Qualitätssicherung für Software

Nahezu jedes Produkt das heutzutage industriell gefertigt wird, unterliegt nach der Her­stellung einer Qualitätssicherung. Ein seriengefertigter Neuwagen wird nach Produktion auf die Anforderung der Fahrtüchtigkeit überprüft. Wird diese Anforderung nicht erfüllt, so müssen Maßnahmen getroffen werden, um die Fahrtüchtigkeit wiederherzustellen.

Fast identisch verhält es sich mit einer immateriellen Software, für welche analog eine Qualitätssicherung für Software notwendig ist. Gleich dem industriellen Gut bestehen klare Anforderungen, die nach Entwicklung oder Korrektur auf ihre korrekten Eigenschaften überprüft werden müssen. Diese Eigen­schaften der Anwendung werden auch als Qualitätsmerkmale bezeichnet.[1]

Dazu gehören nach ISO 9126 die Faktoren Funktionalität, Zuverlässigkeit, Benutzbarkeit, Effizienz, Änderbarkeit und Übertragbarkeit.[2]
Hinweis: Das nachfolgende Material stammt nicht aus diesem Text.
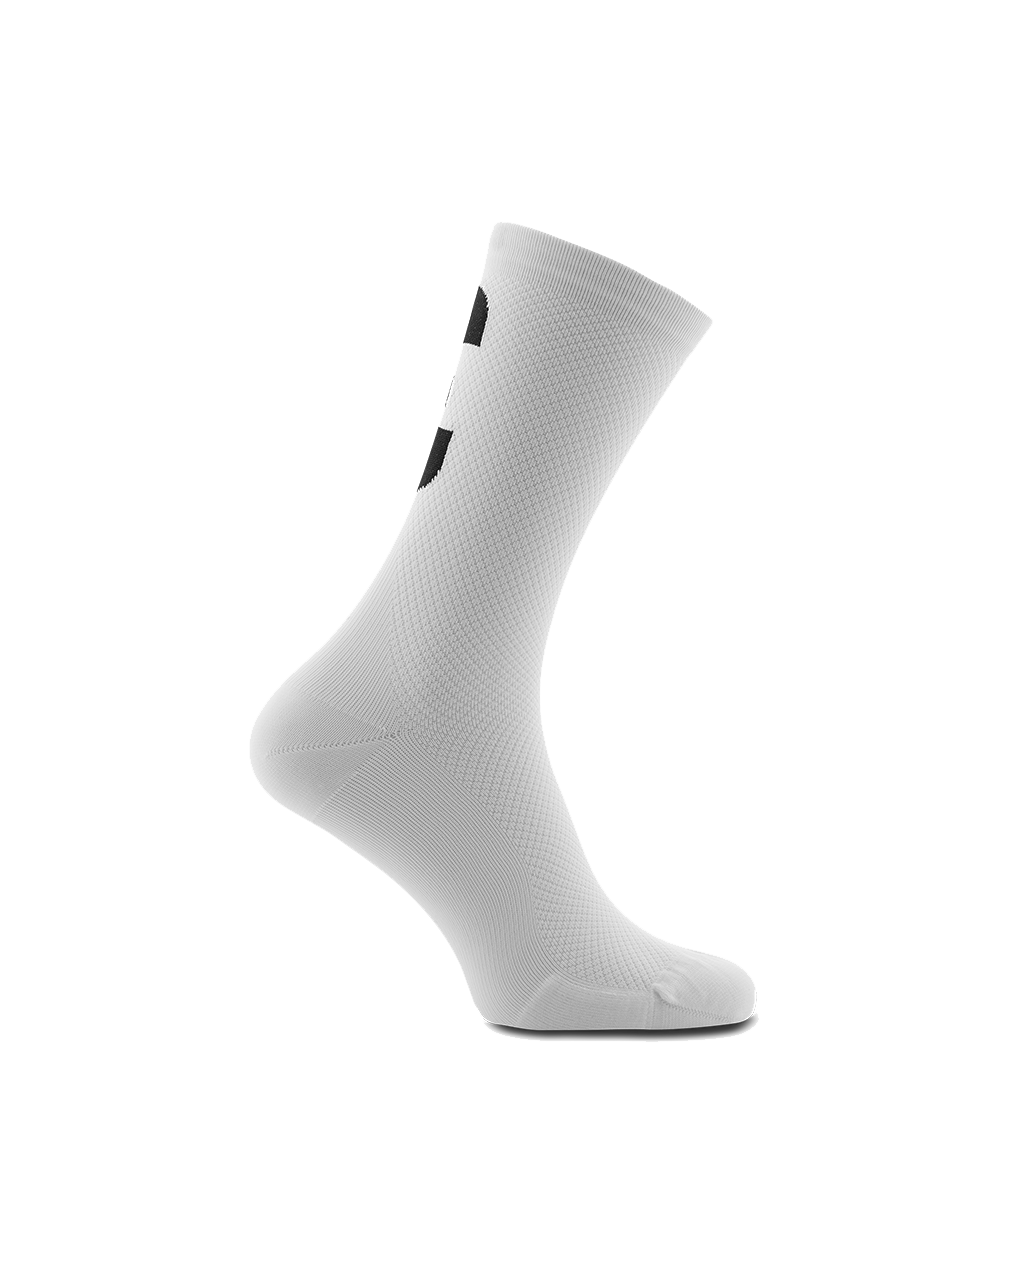 sockeloen-bib-number-13-cycling-socks
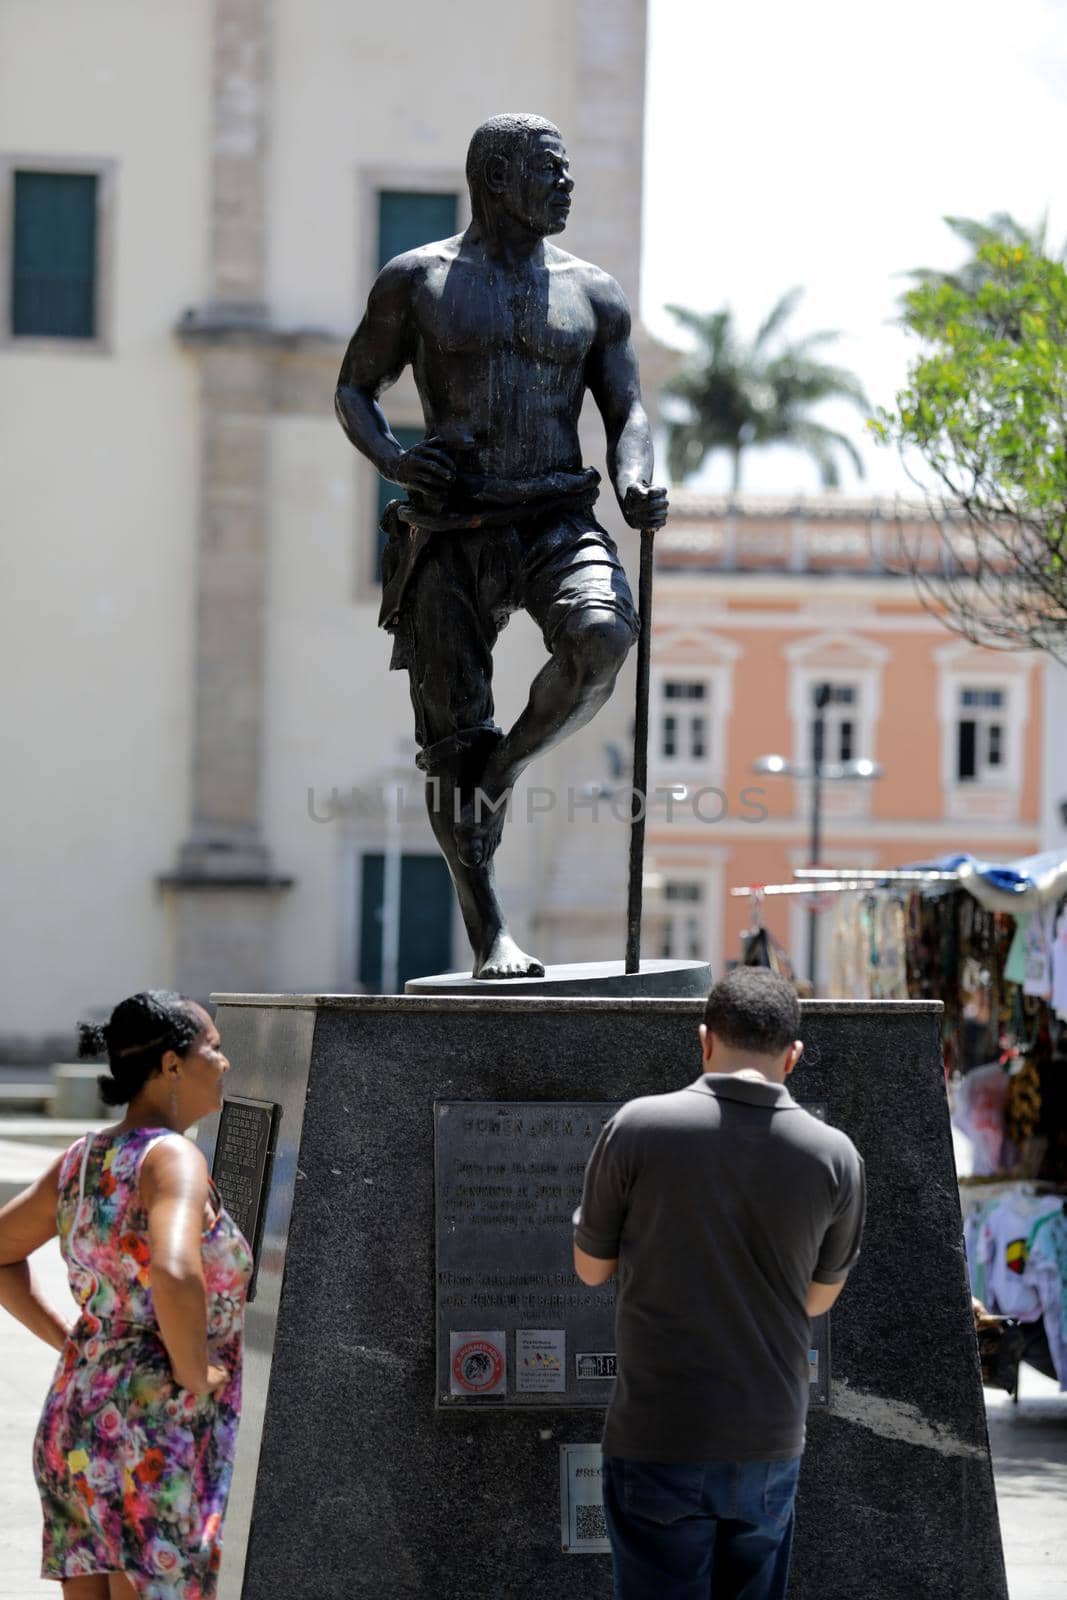 salvador, bahia, brazil - october 8, 2019: Sculpture of black leader Zumbi dos Palmares seen at Se square in Salvador city.

Glossar - Qualitätssicherung für Software

Qualitätsmerkmale

Die nachfolgende Übersicht untergliedert die Qualitätsmerkmale anhand ISO 9126 genauer

Funktionalität
Angemessenheit
Richtigkeit
Interoperabilität
Ordnungsmäßigkeit
Sicherheit
Effizienz
Verbrauchsverhalten
Zeitverhalten
Benutzbarkeit
Verständlichkeit
Erlernbarkeit
Bedienbarkeit
Änderbarkeit
Analysierbarkeit
Modifizierbarkeit
Stabilität
Prüfbarkeit
Zuverlässigkeit
Reife
Fehlertoleranz
Wiederherstellbarkeit
Übertragbarkeit
Anpassbarkeit
Installierbarkeit
Austauschbarkeit

In der Praxis liegt der Fokus der Qualitätssicherung für Software meist auf dem Qualitätsmerkmal Funktionalität. Bzgl. einer Anwendung lassen sich somit die unterschiedlichsten Anforderungen definieren.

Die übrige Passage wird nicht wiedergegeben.